Audience Insights¶
Understand your Twitter audience through demographic analysis, interest mapping, and behavioral patterns to create more resonant content.
Overview¶
Audience insights reveal who your followers are, what they care about, and how they interact with content. This knowledge enables targeted content creation, better engagement strategies, and more effective community building.
Use Cases¶
- Content Strategy: Create content that resonates with your audience
- Persona Development: Build detailed audience personas
- Partnership Targeting: Find alignment for collaborations
- Growth Strategy: Identify similar audiences to target
- Product Development: Understand customer segments
Basic Usage¶
import asyncio
from xeepy import Xeepy
from xeepy.analytics import AudienceAnalyzer
async def analyze_audience():
async with Xeepy() as x:
analyzer = AudienceAnalyzer(x)
# Get audience overview
insights = await analyzer.get_insights(
username="your_username",
sample_size=500
)
print("Audience Overview:")
print(f" Total followers: {insights.total_followers:,}")
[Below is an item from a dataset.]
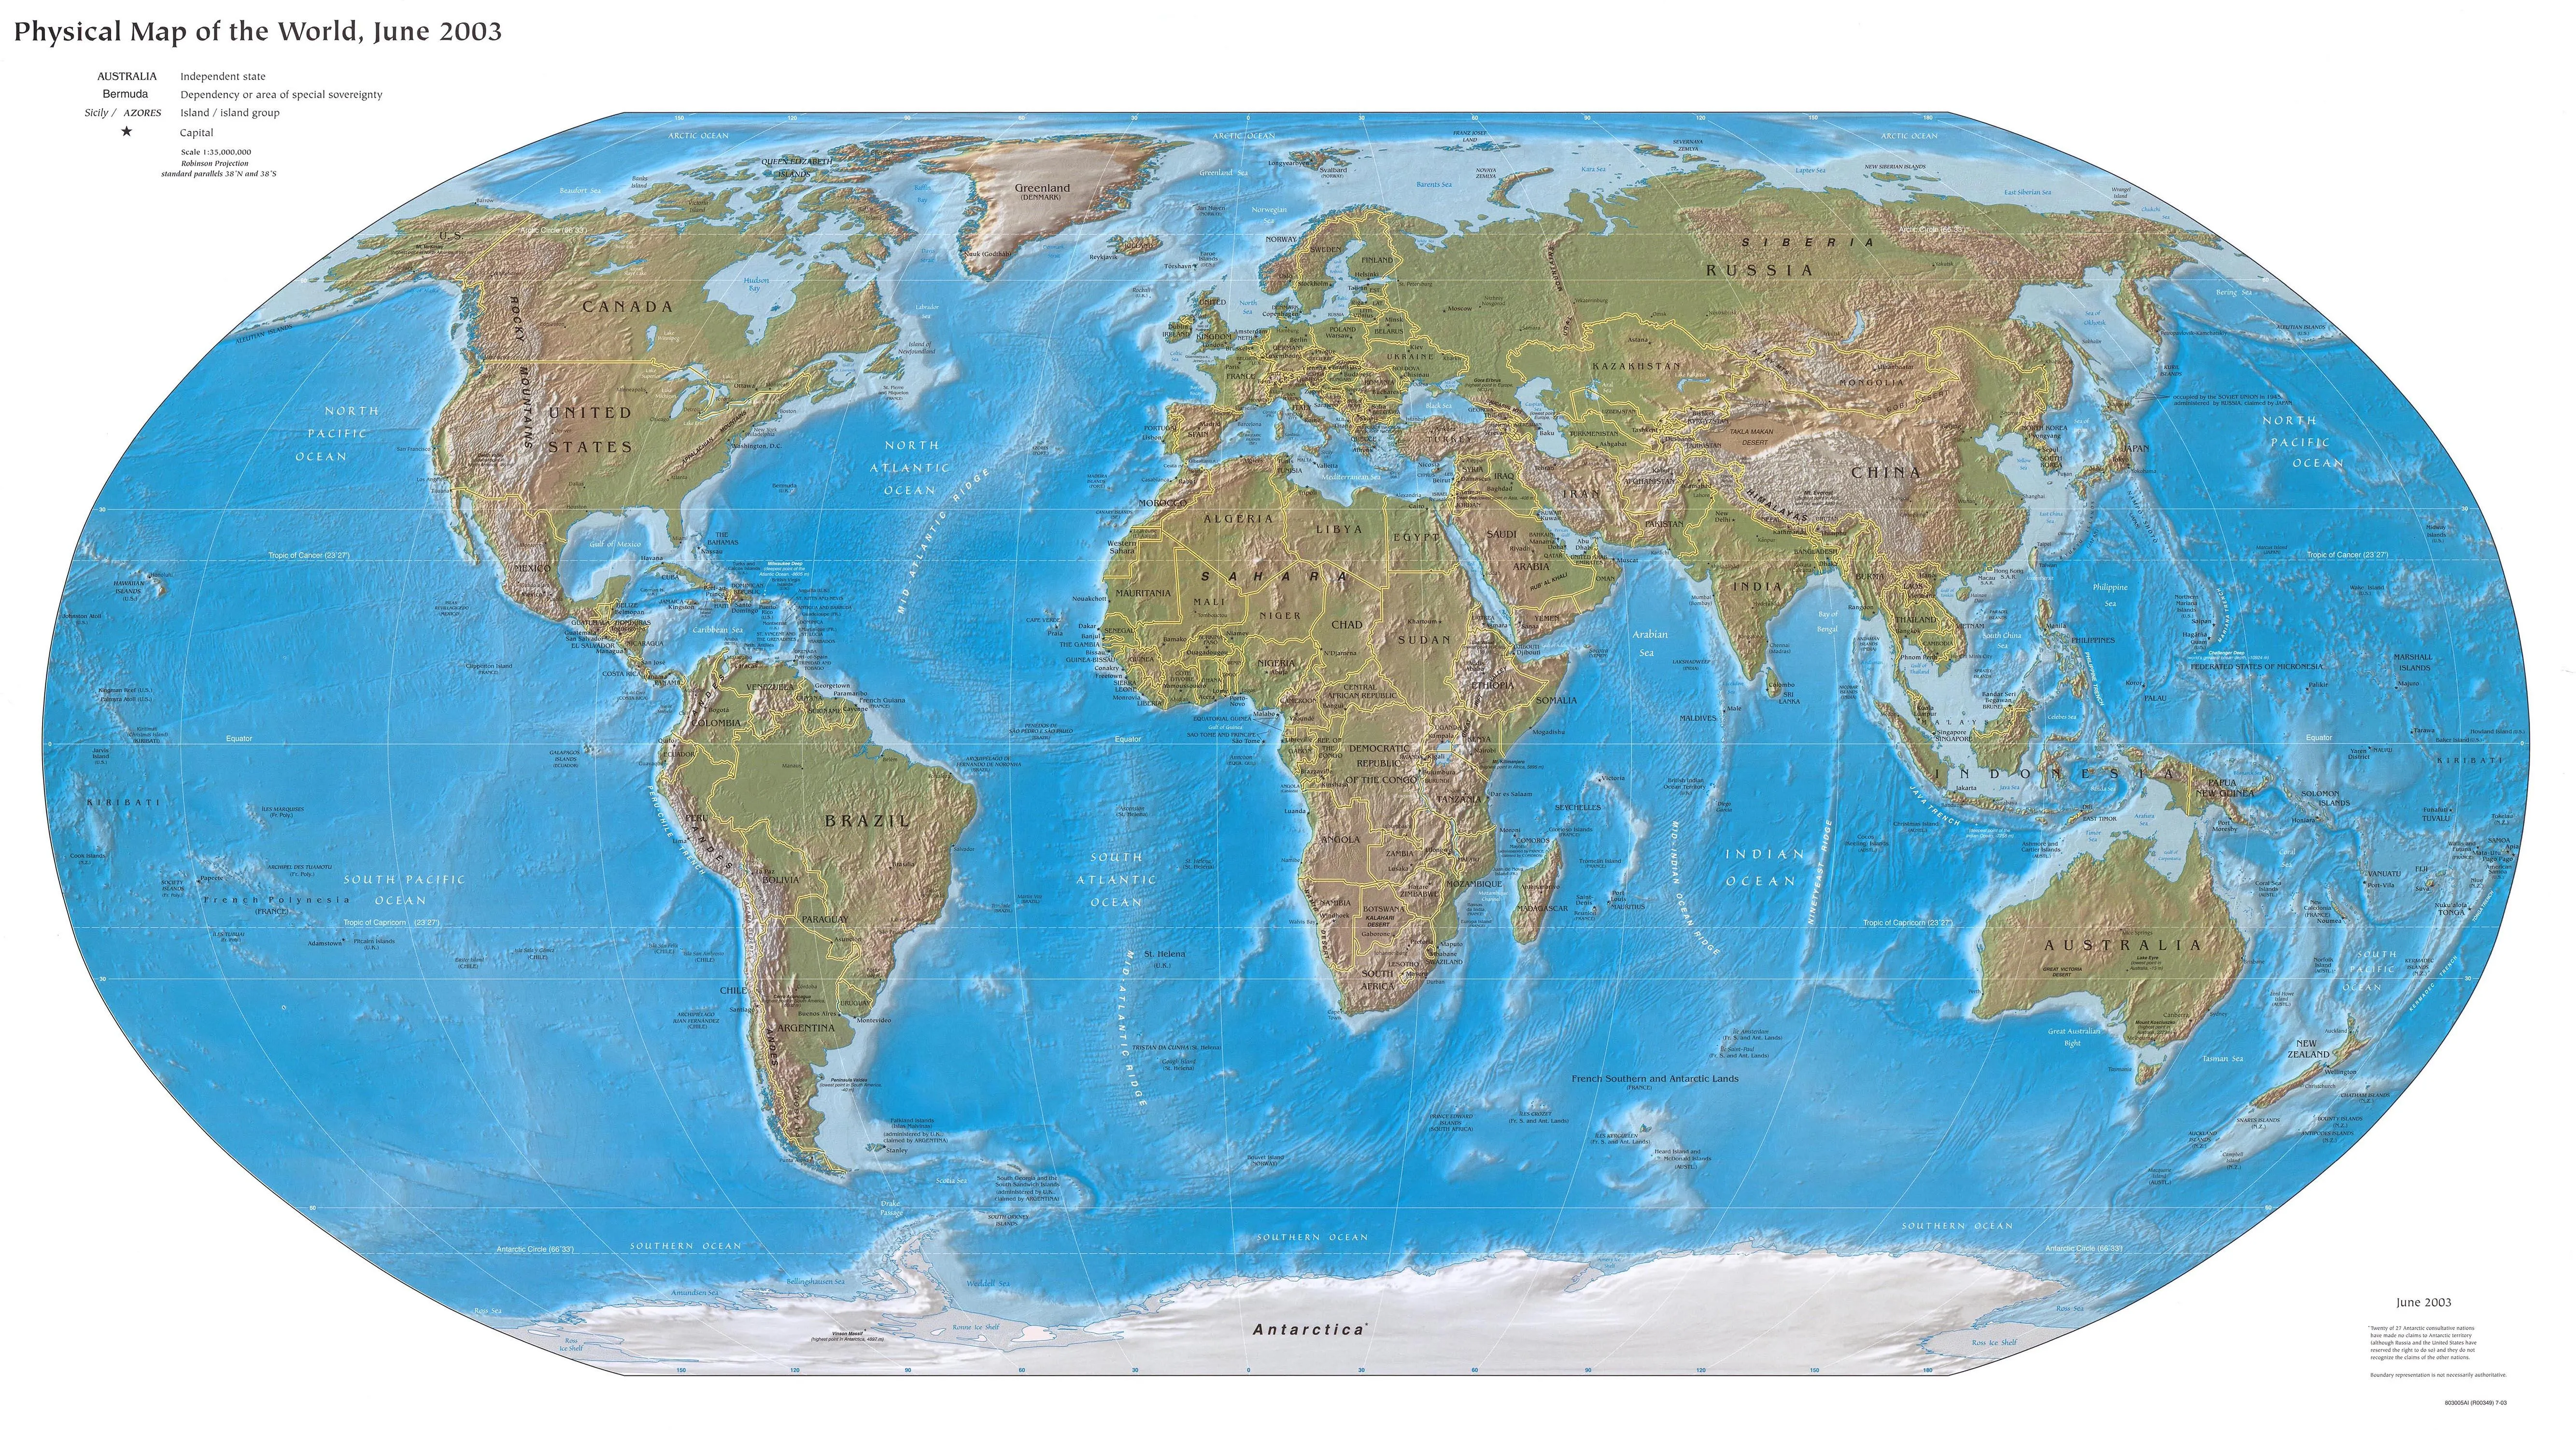 Mapa-Múndi - Continentes, Países e Estados - Cola da Web

print(f" Verified followers: {insights.verified_count} ({insights.verified_pct:.1%})")
print(f" Avg follower count: {insights.avg_follower_count:,.0f}")
print(f" Median follower count: {insights.median_follower_count:,}")
asyncio.run(analyze_audience())
Interest Analysis¶
async def analyze_interests():
async with Xeepy() as x:
analyzer = AudienceAnalyzer(x)
# Analyze follower interests from bios and tweets
interests = await analyzer.interest_analysis(
username="your_username",
sample_size=300
)
print("Top Audience Interests:")
print("-" * 50)
for interest in interests.top_interests[:15]:
bar = "█" * int(interest.percentage * 50)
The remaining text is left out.